DATA SECTION
---

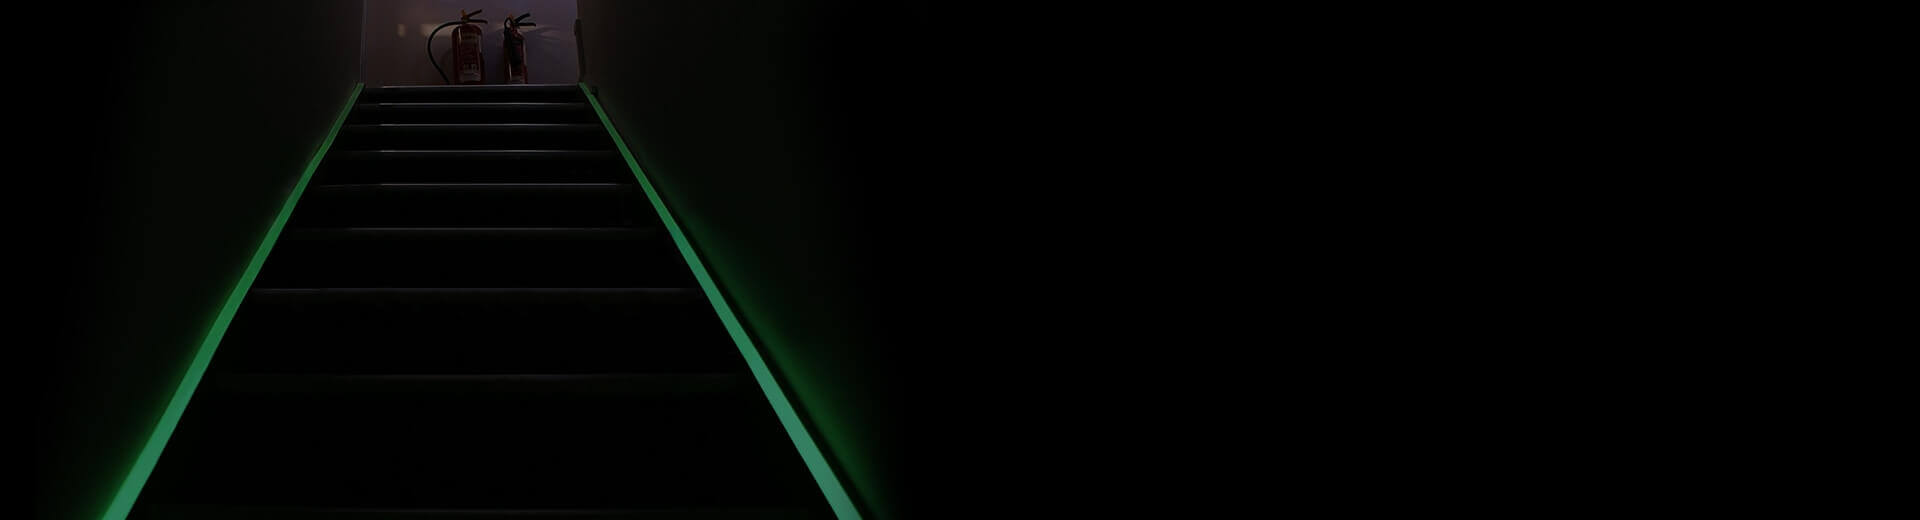 Pásky svietiace v tme
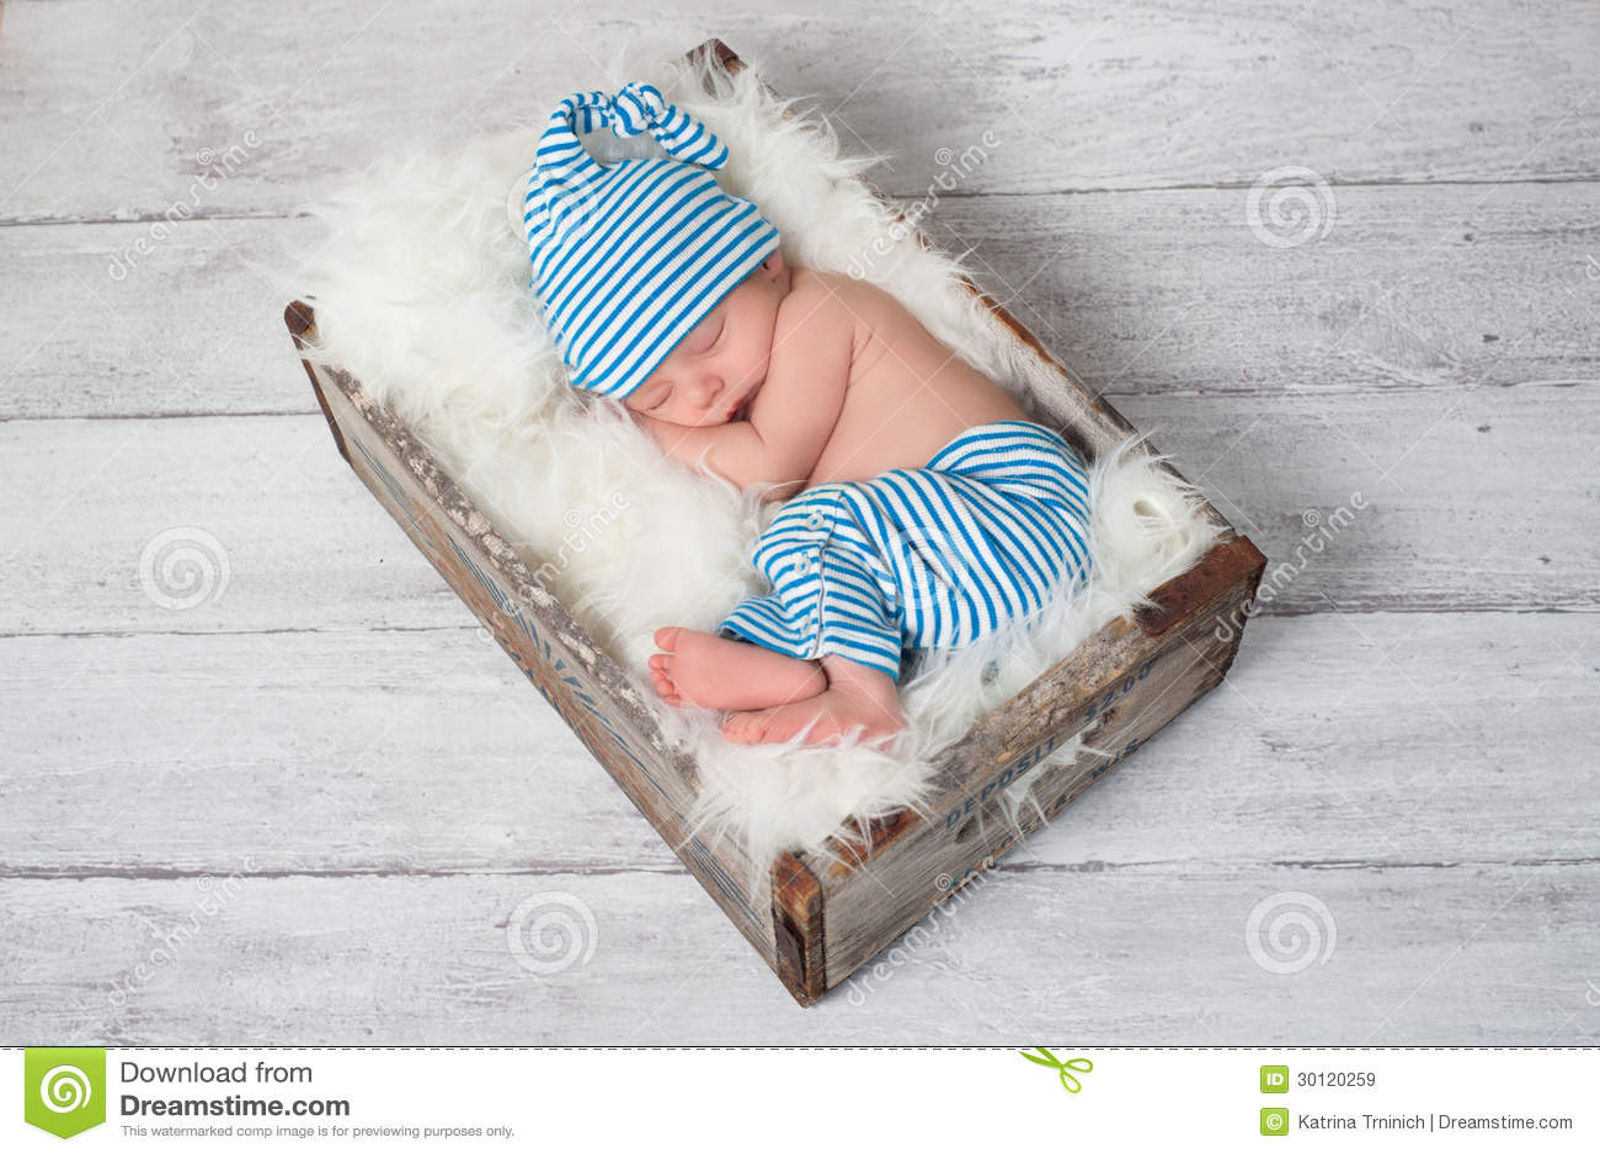 Sleeping Newborn Baby Wearing Pajamas Royalty Free Stock
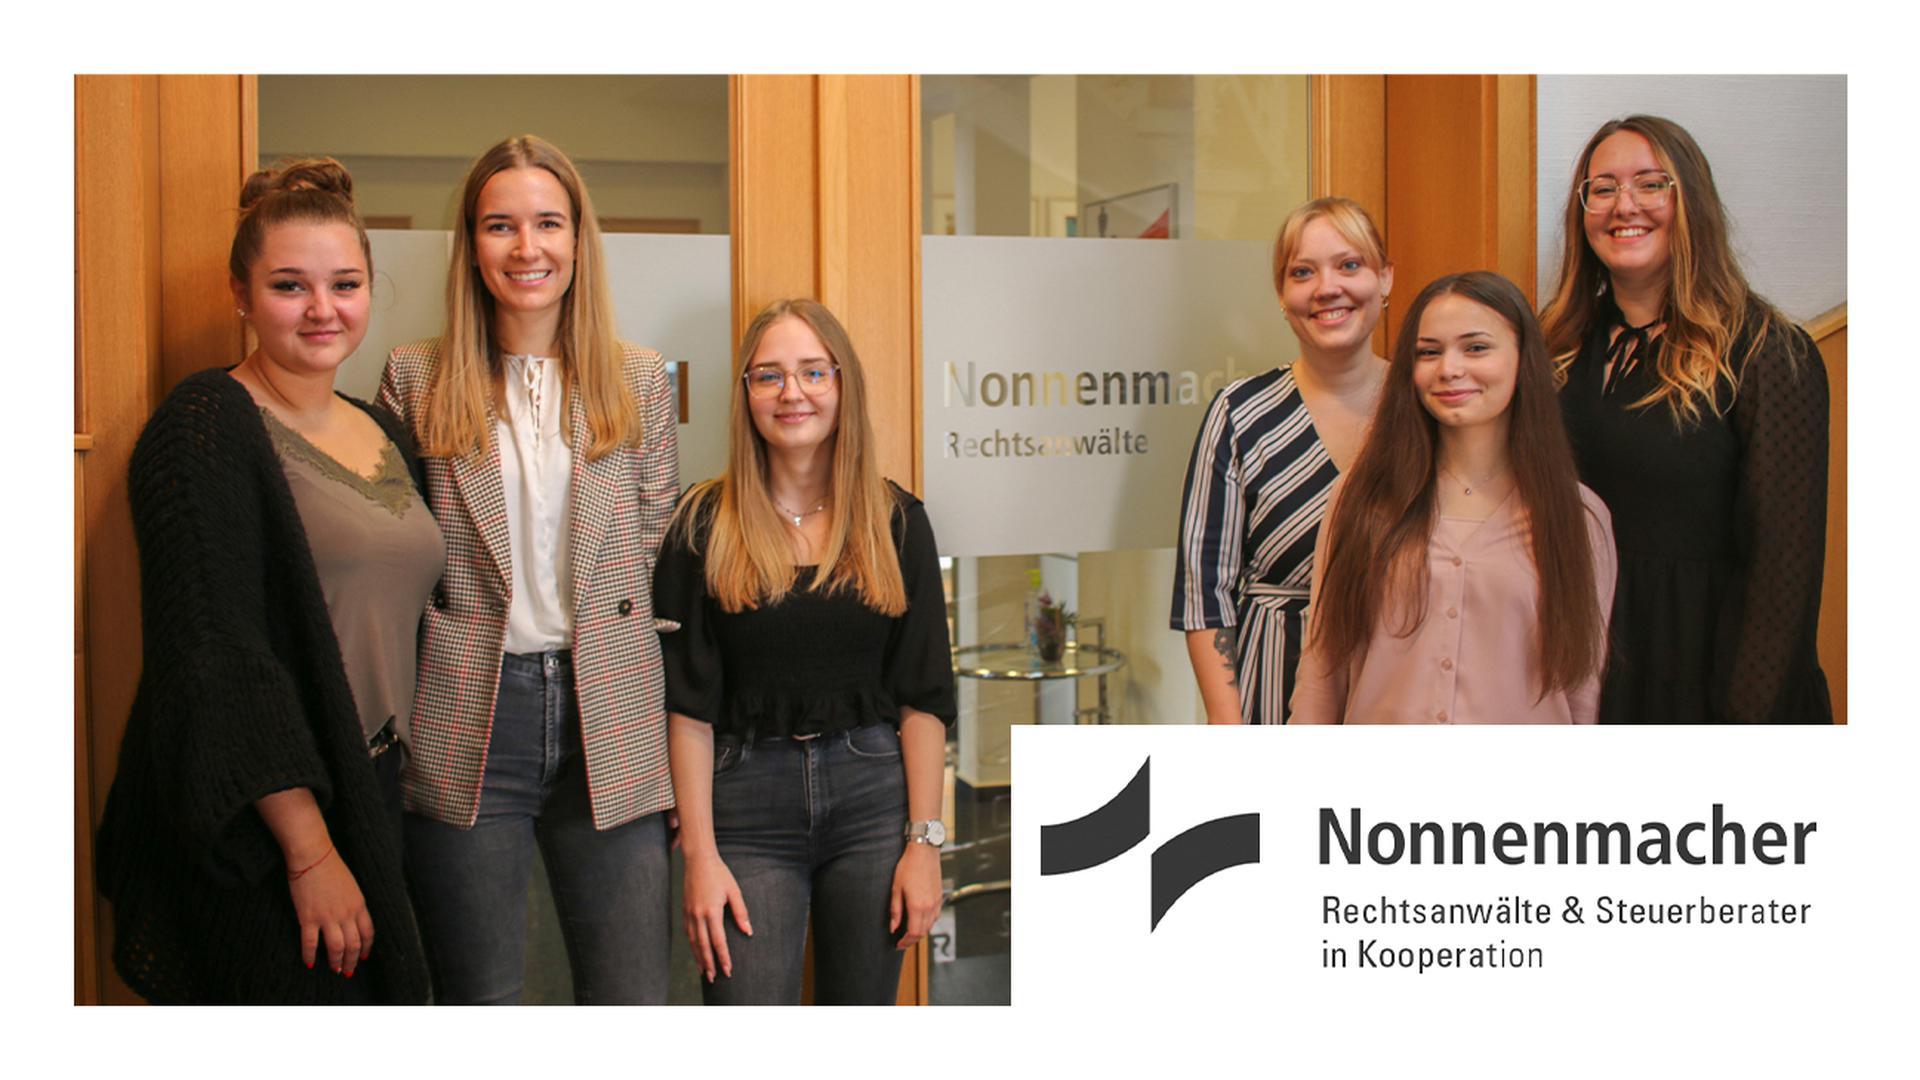 Nonnenmacher Rechtsanwälte & Steuerberater in Kooperation

---

None of the pictures belong in the copy; transcribe the rest of the data exactly.

WRITTEN REPLY
 Pásky svietiace v tme
 Sleeping Newborn Baby Wearing Pajamas Royalty Free Stock
 Nonnenmacher Rechtsanwälte & Steuerberater in Kooperation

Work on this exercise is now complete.